Novel Technologies for Detection and Monitoring of Lung Disease
Full Description
Project Summary/ Abstract
Obstructive lung diseases such as chronic obstructive pulmonary disease (COPD) and bronchial asthma
affect approximately 42 million individuals in the United States alone. About 70% of those with spirometry-defined
obstruction remain undiagnosed. These individuals without a diagnosis suffer from a high symptom burden,
frequent exacerbations, and high healthcare utilization. Current methods of diagnosing abnormal lung function have
not majorly changed since the 1940s. The diagnosis of airflow obstruction is made using the ratio of the forced
expiratory volume in the first second (FEV1) to the forced vital capacity (FVC).
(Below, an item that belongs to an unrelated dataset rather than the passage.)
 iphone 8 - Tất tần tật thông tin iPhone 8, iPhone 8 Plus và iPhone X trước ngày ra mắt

Determining an abnormal ratio
requires adjustment for population demographics that need frequent updates, so they are representative.
Spirometry with forced exhalation is also time-consuming and difficult for many patients to perform; it requires
expert coaching and multiple efforts to be repeatable. The course of disease is punctuated by acute worsening,
termed exacerbations. The detection of exacerbations currently relies on subjective patient self-report, which can
delay diagnosis. There is, therefore, an unmet need for better diagnostic and monitoring.
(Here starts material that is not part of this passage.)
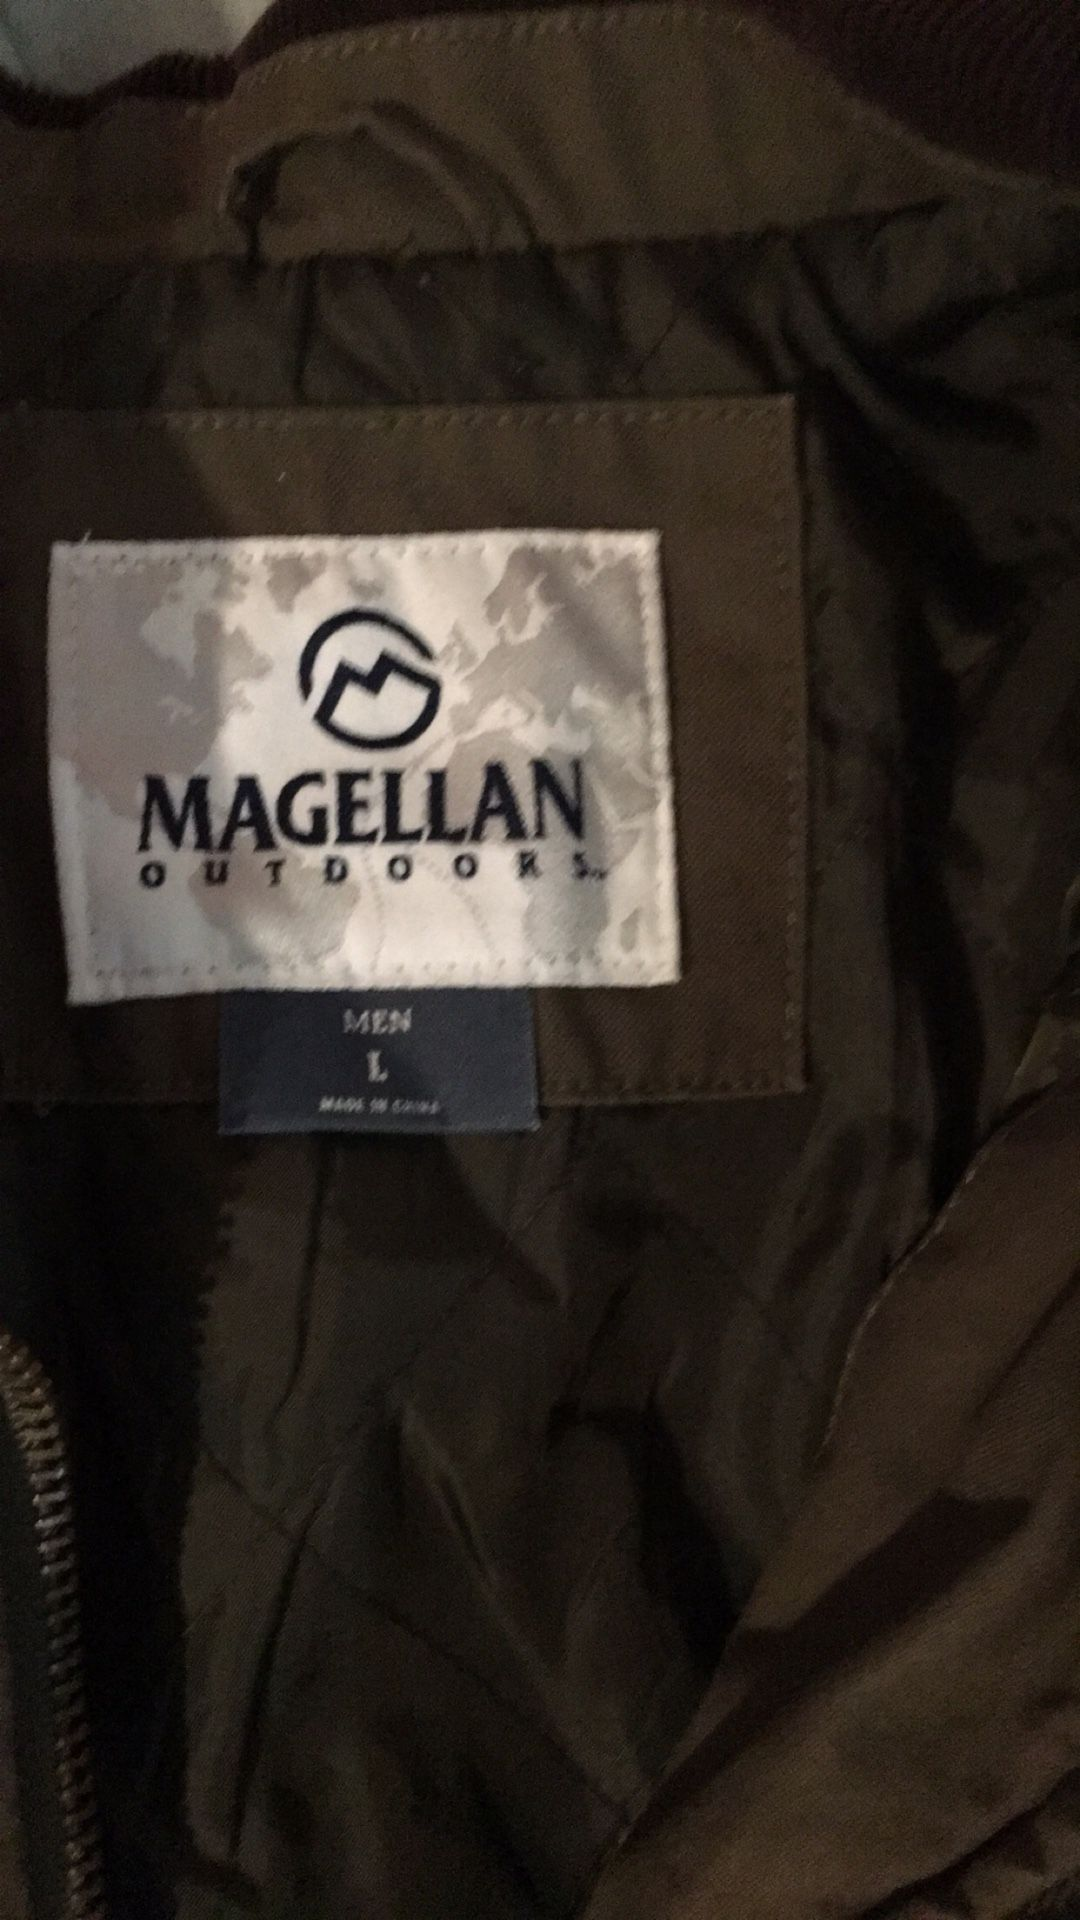 Magellan coat

Spiromatics Inc. is addressing this unmet need through the development of a portable, handheld, miniature,
spirometer equipped with audiovisual coaching and innovative solutions for assessing and diagnosing abnormal
lung function. We have developed novel methods of detecting airflow limitation with which we are able to detect an
additional 11% individuals who would remain undiagnosed using traditional criteria. In addition, we have developed
an easy to use completely innovative way of measuring lung function that takes only two minutes and is extremely
patient friendly. This easier-to-use method of detecting airflow obstruction has several immediate practical
applications. It can enhance the use of spirometry methods in primary care clinics which often do not perform
spirometry due to its complexity; the method can be used for monitoring lung disease at home; and the method can
be used to detect exacerbations or flare-ups of disease earlier than symptomatically reported by patients.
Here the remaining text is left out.